刘晓波:中共十六大综合症(版本1)

在中国这个仍然一党独裁的国家,每一次高层权力交替大都会引发全社会的畸形综合症,而在毛泽东和邓小平的强人时代结束之后,高层核心的权威不足必然引发更激烈也更悬念跌出的权争,其综合症的严重程度也远远超过基本无悬念的强人时代。现在,随着中共高层去北戴河消暑务虚,中共十六大综合症正处在大发作时期。

症状之一:无尽的猜谜游戏。对未来的高层人选和权力分配,党控媒体一片沉默,民众也只能闷声等待,仿佛未来的中共党魁与中国无关。而境外媒体则炒得沸沸扬扬,但面对独裁黑幕,除了大胆猜谜之外,对真相的探究也无能为力。境外舆论不断地放出敏感消息和发表评论,以吸引把中国问题等同于中南海权争的人们。胡锦涛的单独访欧访美都会形成猜谜小高潮,甚至温家宝、曾庆红等人的每一次露面,似乎都暗示着未来的玄机。

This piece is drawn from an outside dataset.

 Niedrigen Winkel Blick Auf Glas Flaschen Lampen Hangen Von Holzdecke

海风宜人的北戴河更是近期的热点,种种对会议内容的预测纷纷出笼。换代焦点人物的宦海沉浮被不厌其烦地反复炒作,如同火爆的连续剧,赢得颇高的收看率。而作为导演的中共高层却在暗中欣赏着自己的得意之作,还不时运用传统诗词的比兴手法,出面对剧情做某种模棱两可又充满暗示的解说。

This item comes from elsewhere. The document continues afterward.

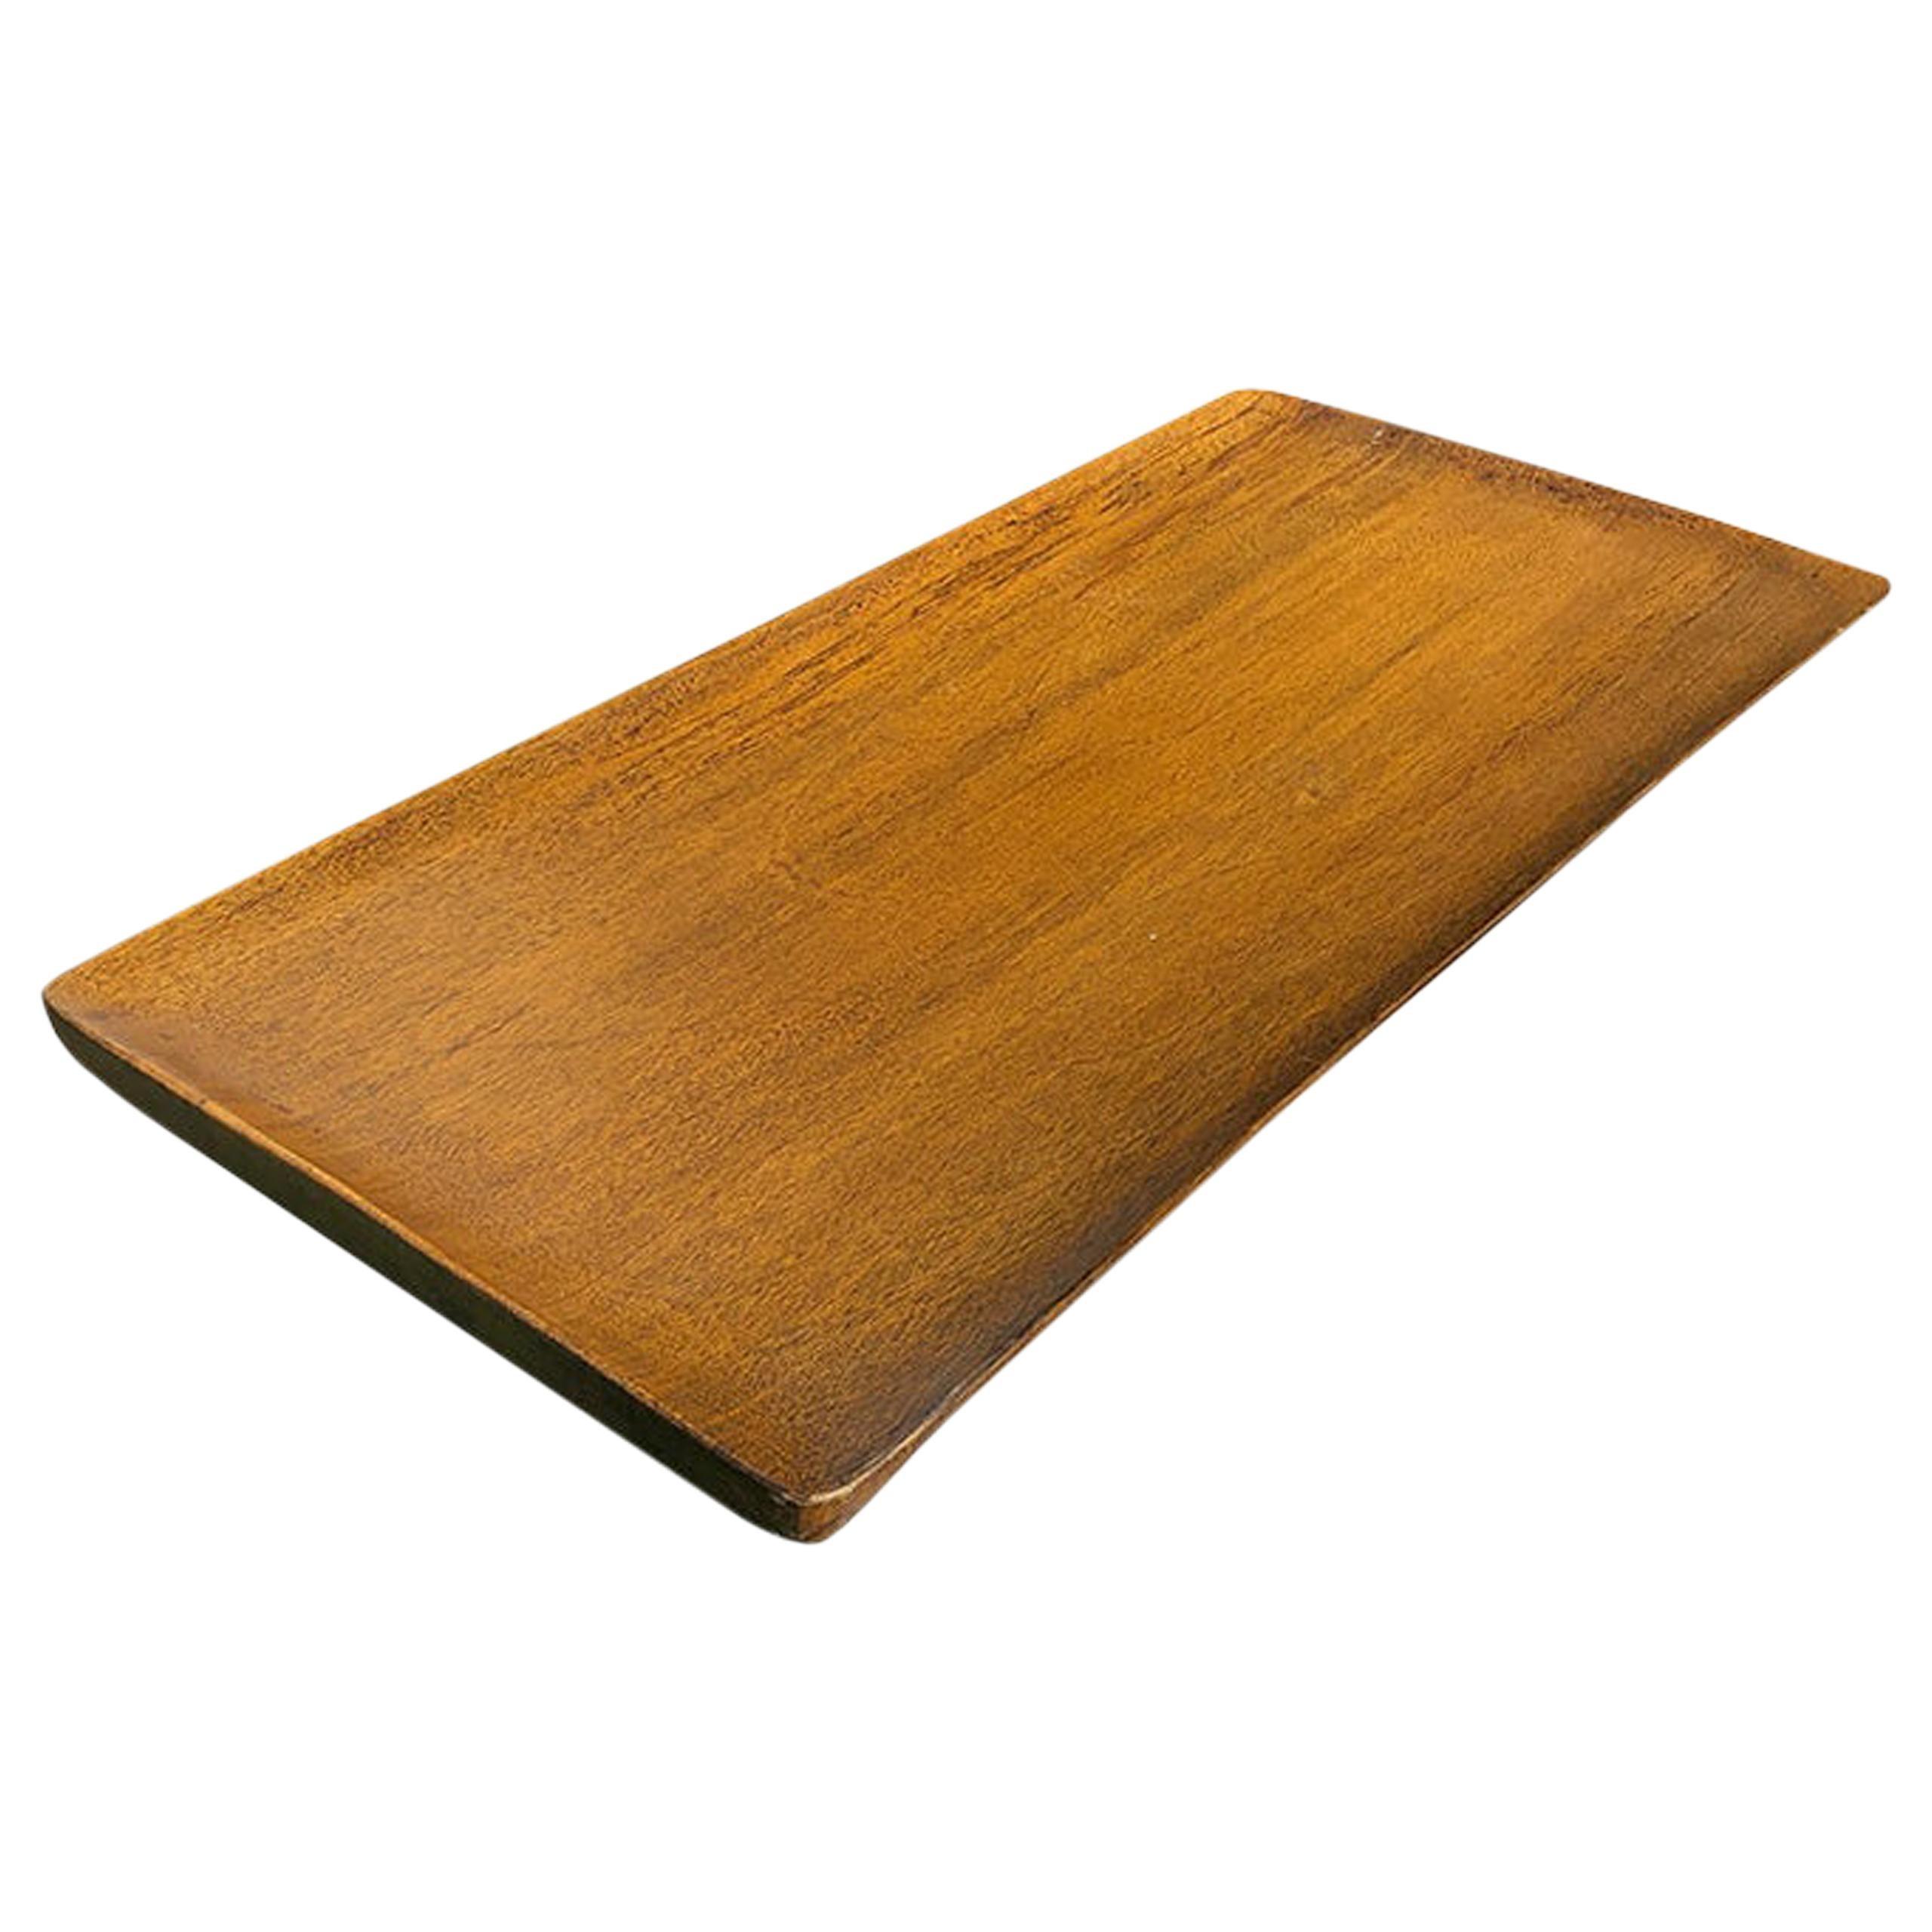 Mid-Century Modern Table Bar Tray Wood Look by Auld Haiti

症状之二:超常的歌功颂德。虽然党控媒体连猜谜的胆子都没有,但对于江核心的歌功颂德却格外卖力。由江泽民的“5.31”讲话发动,接着是各界各级的劝进表态、军方地不断拥戴和主流媒体的紧跟追捧,形成了全力为江核心执政十三年评功摆好的大合唱。特别是,为江学说的造势远远超过当年的邓理论,“三个代表”天天讲时时讲,“与时俱进”人人讲处处讲。中央电视台在“新闻联播”的黄金时段,每天都把大量时间让给“三个代表在基层”的特别报道,恍如回到“活学活用”的毛时代。唯一的不同是,毛时代的人活学活用毛思想,是为了立竿见影地进行阶级斗争;而江时代的人活学活用江学说,是为了立竿见影地发财致富。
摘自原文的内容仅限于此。